───── Given data ─────

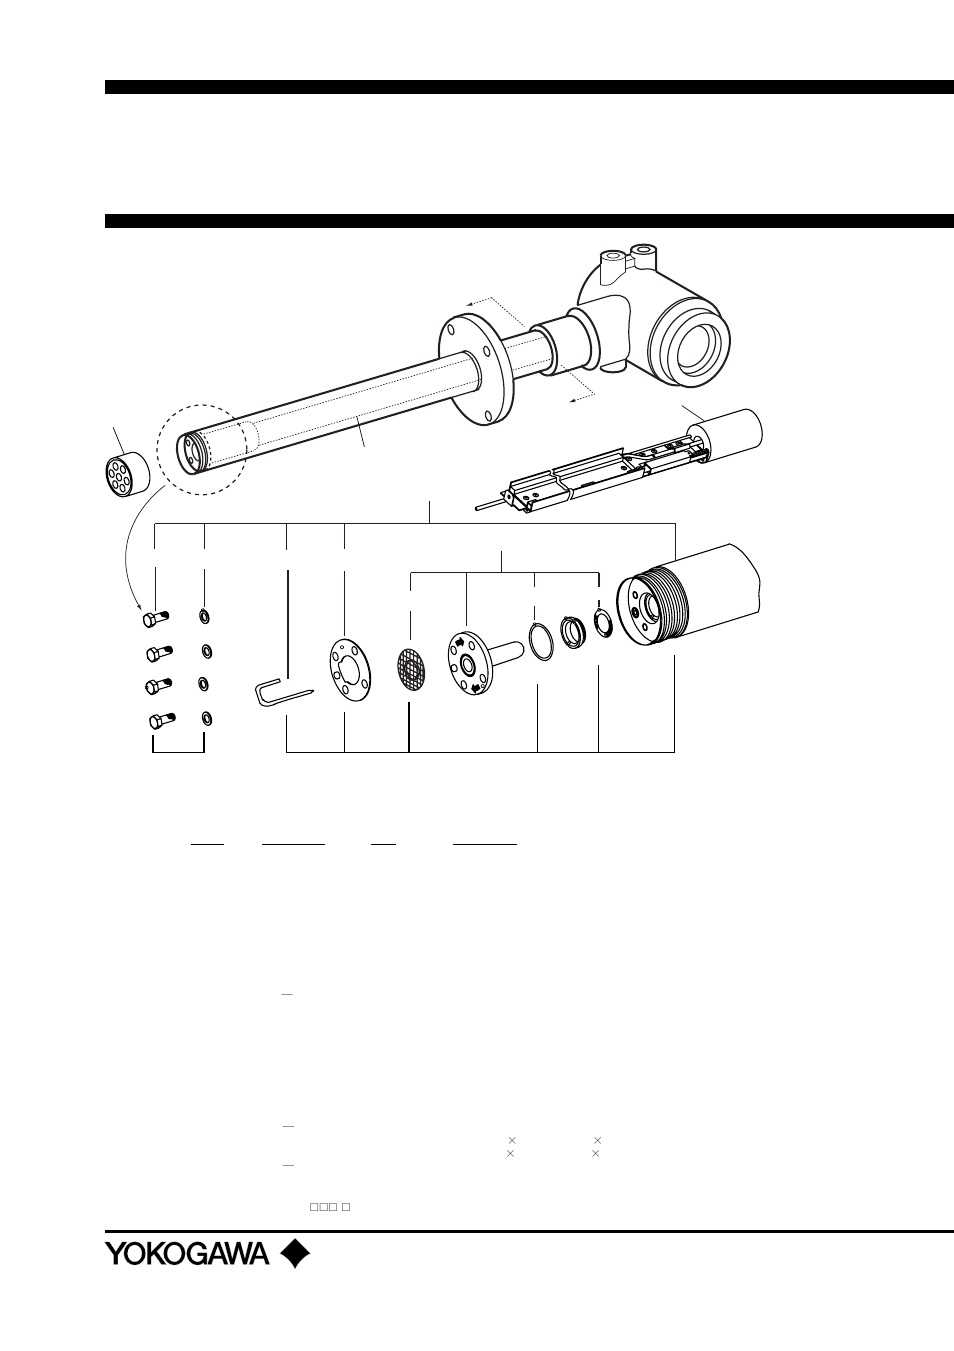 Customer maintenance parts list | Yokogawa Integral Oxygen Analyzer ZR202 User Manual | Page 166 / 169
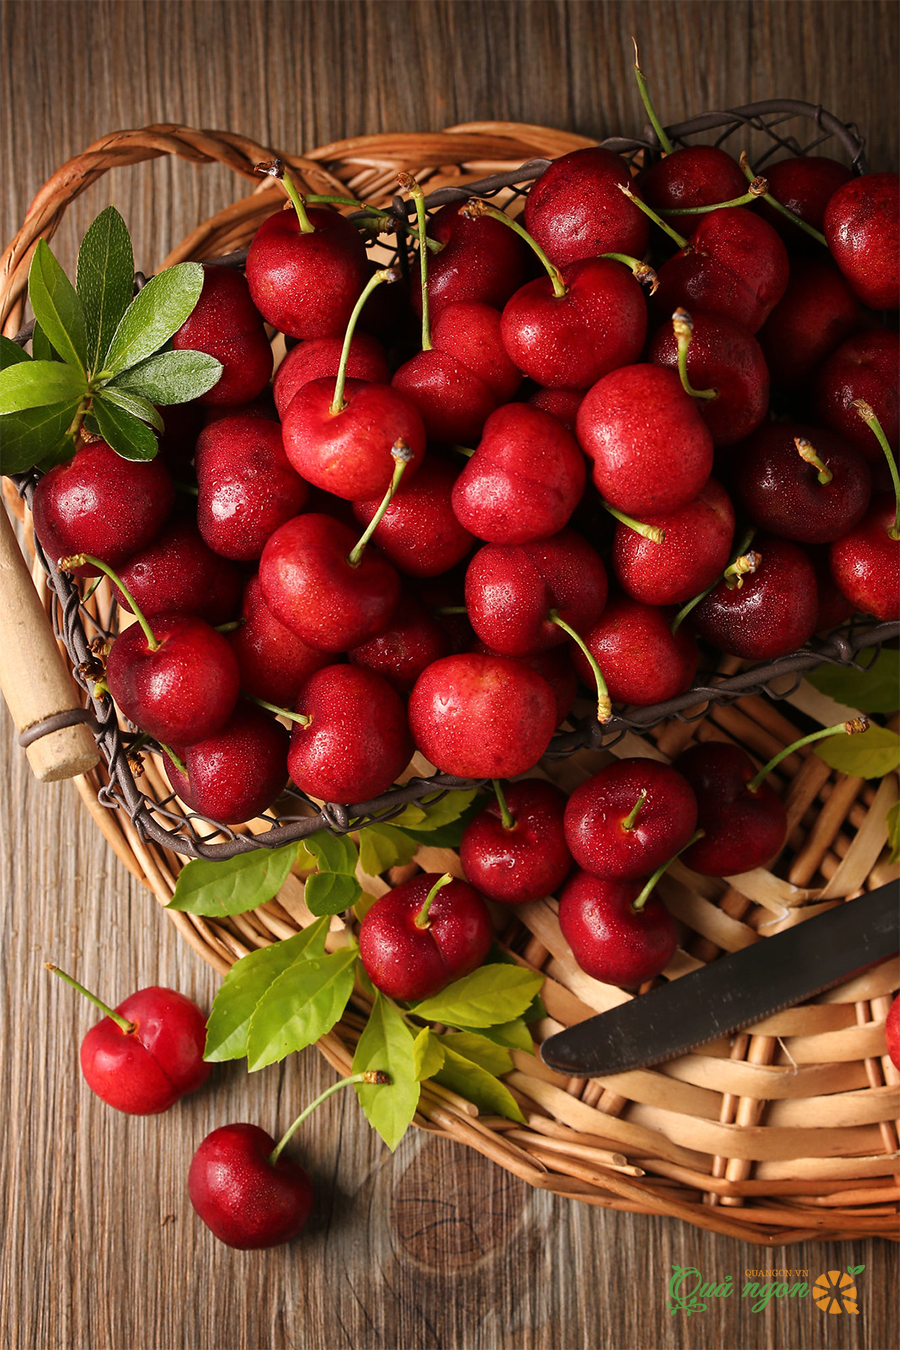 Giải đáp các vấn đề khi ăn cherry trong quá trình mang thai
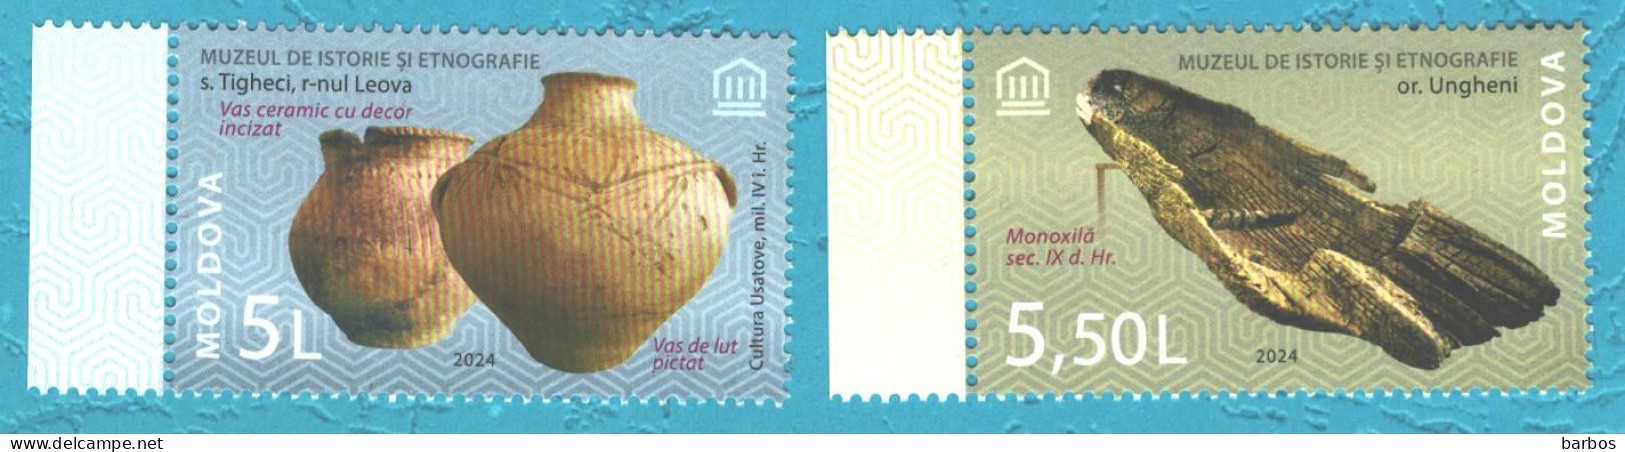 Moldova , 2024 , From The Museums’ Patrimony, 2 V., MNH - Moldova

─────

Restate word for word the lines starting at the one that contains "Giải đáp các" and ending at the last line of the data. Skip every picture.

 Giải đáp các vấn đề khi ăn cherry trong quá trình mang thai
 Moldova , 2024 , From The Museums’ Patrimony, 2 V., MNH - Moldova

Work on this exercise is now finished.